4 minute read

Executive's Perspective - January Voice 2022

And just like that … It’s 2022

Somehow, here we are again – at the beginning of another calendar year. I have a love/hate relationship with January. I have this weird feeling of losing a sense of accomplishment. I just made it through a year! I completed the list, checked the box! And now you want me to do it … again? I feel like there should be a week off in there somewhere. A week between years. A gap week. Where time doesn’t count. A time that I can celebrate making it through the year – reflect, grieve, rejoice. A chance to process the year without moving directly into the next one.

Starting 2022 feels a bit like living in Groundhog Day. Cases are up, vaccination rates aren’t where they should be, and people are tired, angry and so over the word “pivot” even the Friends meme isn’t funny anymore. The “new normal” isn’t exactly new, I don’t remember what anyone’s nose and mouth look like, and I have hand sanitizer tucked away in so many places I feel like a (very clean) pack-rat.
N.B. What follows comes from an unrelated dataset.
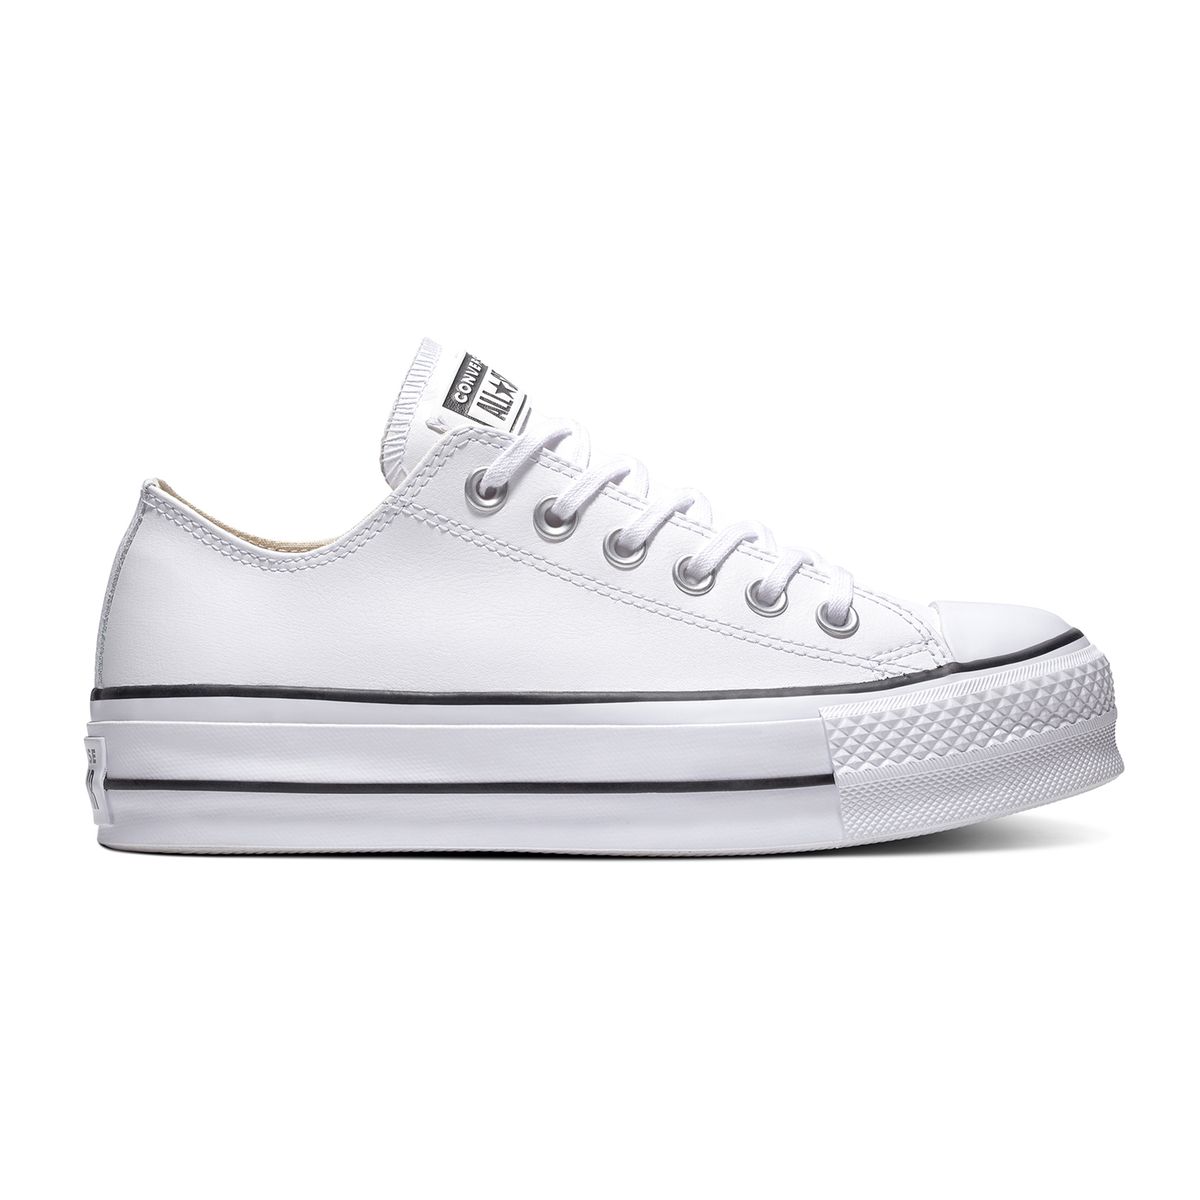 Pharynx Beer ruler Converse blanche femme | La Redoute

And yet … January has arrived again.

I’m actually sitting writing this while my daycare is closed due to a COVID case while I anxiously wait out my kids’ quarantine period. I’m equal parts angry, sad, worried, numb and worried some more. It’s like an emotion casserole. We’ve spent the last two days cancelling Christmas plans, attempting to reschedule small family gatherings, and trying to avoid all of the photos of kids with Santa online as we threw our “Donuts with Santa” tickets in the trash.

My kids are too young for the vaccine and were exposed. My heart is breaking with feelings of inadequacy – for not being able to protect them, for not being able to watch my almost-three-year-old bask in the magical wonder of Christmas experiences, for not knowing how exactly my seven month old is feeling. I’m mourning memories that aren’t being made while trying to keep their lives as normal as possible … while checking their heads for fevers every 15 minutes. Nothing about the end of 2021 and start of 2022 feels like a fresh beginning.

I know as I sit here, I’m privileged in a lot of ways. I have time to take at work. My kids have no pre-existing conditions that put them at a high risk for serious infection. We have a loving support system that checks in on us often and can aid us in a multitude of safe ways. All I’m losing is a Santa sighting neither kid will remember and a belated Christmas by a few weeks. In the end, it’s small potatoes. Others have lost so much more.

But January. January.

It’s supposed to feel shiny and new, and it feels more tired and overdone. This year my “resolutions” (minus losing that COVID weight I’ve been putting on faster than Netflix loads the next episode) look different than years past. They are filled with ways to find more time for self-care as I recognize my mental energy is totally tanked. “Do something new!” is replaced with “Do something and know that’s enough.”

The start of a new year always brings out those people that demand that this be your BEST YEAR EVER. The year you’ll do it all, while losing weight and writing a novel. Let me be the person that tells you – it’s okay if it’s not. It’s okay if you need the year – or at least the start of it – to be about recalibrating… again… and just getting through.

The pandemic isn’t over. And this? All of this – it’s hard. It’s hard on everyone. So you’re not alone, you’re not doing it wrong, you’re not slacking. With every new January comes a new February, and March … and April ... And new opportunities for Easter baskets, and fireworks, and costumes, and soon enough, Santa sightings. And amid all the drudge?

There’s hope.

Caitlin Pusateri is executive vice president of the Rockford Chamber of Commerce.